My friend has a newer two story home. 
He wants to pour a larger (and more sunstantial pad) for a larger patio deck.
I am familiar with the need to attach a rim joist to the rim joist of the second floor but do not know how to locate this.
The house is hardy plank siding and I will bet the rim joist is covered by OSB---which I also do not know how to attack and attach.
Suggestions
Blessings


----------



## ront02769 (Nov 28, 2008)

If the house is standard construction, think of what the rim joist does. It acts as the thing tying the outer ends of the floor joists together. So if I was looking I'd locate where the top of the floor for the second floor is, take off a bit for flooring, like a couple of inches, and you should be close to the top of the rim joist. Unless I missed the question somehow. ron


----------



## AndyGump (Sep 26, 2010)

Am I correct in understanding that the deck you want to "pour" will be concrete?

A second story concrete deck that will be ledger'd to the exterior wall?

A non-engineered, poured, concrete deck?

Really?


Andy.


----------



## gregzoll (Dec 25, 2006)

You just need to measure from the window at the ledge, to the floor. Add 3/4", and there you go. If there is already a deck on that level. It will be attached to the Ledger Board, that should be bolted to the Header or Stringer, that the floor joists are attached to.

Some cities have a limit on the size of the second floor decks. Also it is not a weekend put up and be done. You have to consider the Dead Weight (weight of the deck structure that sits on the posts attached to the footings), Live load (items, people).

Most decks have undersized footers and posts to begin with. That is because the person that built the home, is not expecting the deck to be used as if you have a large crowd to watch a ball game.

The biggest factor also, will be the make up of the soil. Big suggestion for your friend, is to get with an architect that can hopefully full the original plans from the builder or permit office. And then calculate the new deck in place of the old one.
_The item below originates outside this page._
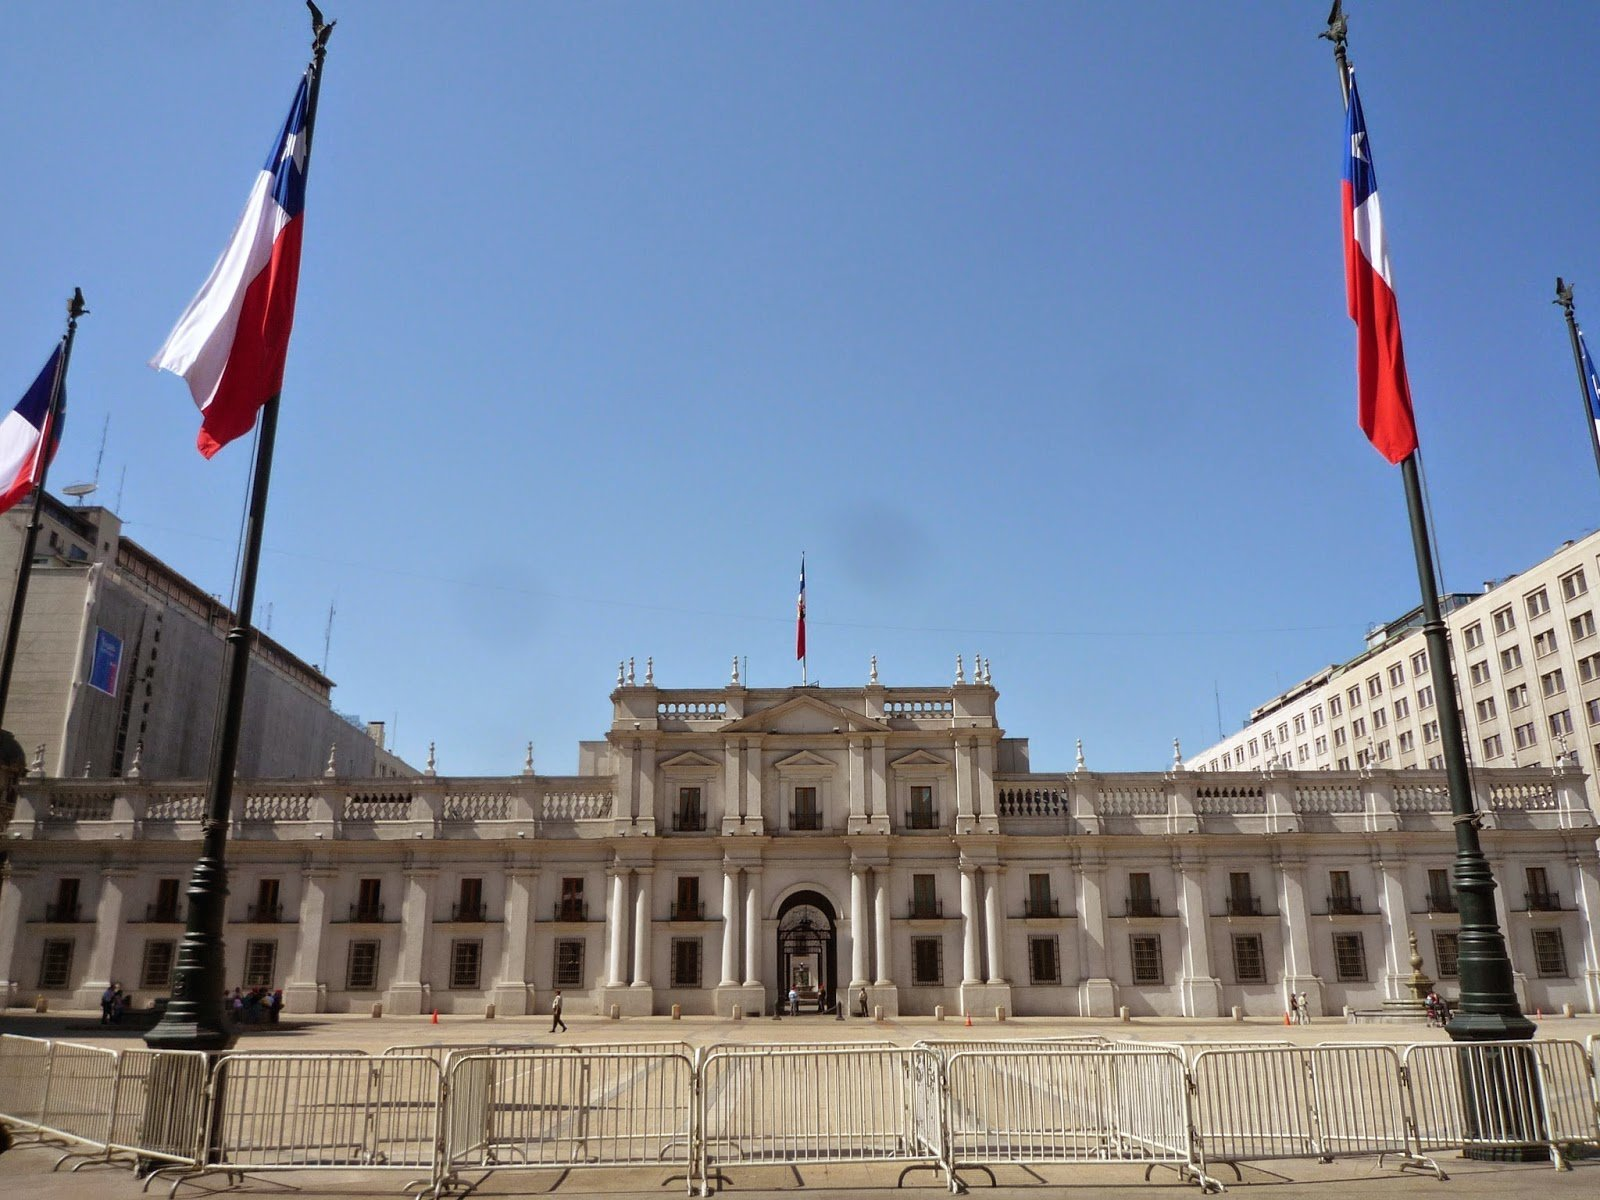 Santiago: uma visita ao Palácio de La Moneda

Of course your friend may not like how much lighter his wallet will be, if he takes on this. This is not a DIYer project. Especially if you are talking having a lot of people on it for a party.


----------



## williamlayton (Feb 18, 2015)

The rim Joist we want to install is for a roof over the new patio on the ground----sorry for the confusion---think about this an thank God---you are not married to me. :laughing::laughing::laughing:
Blessings


----------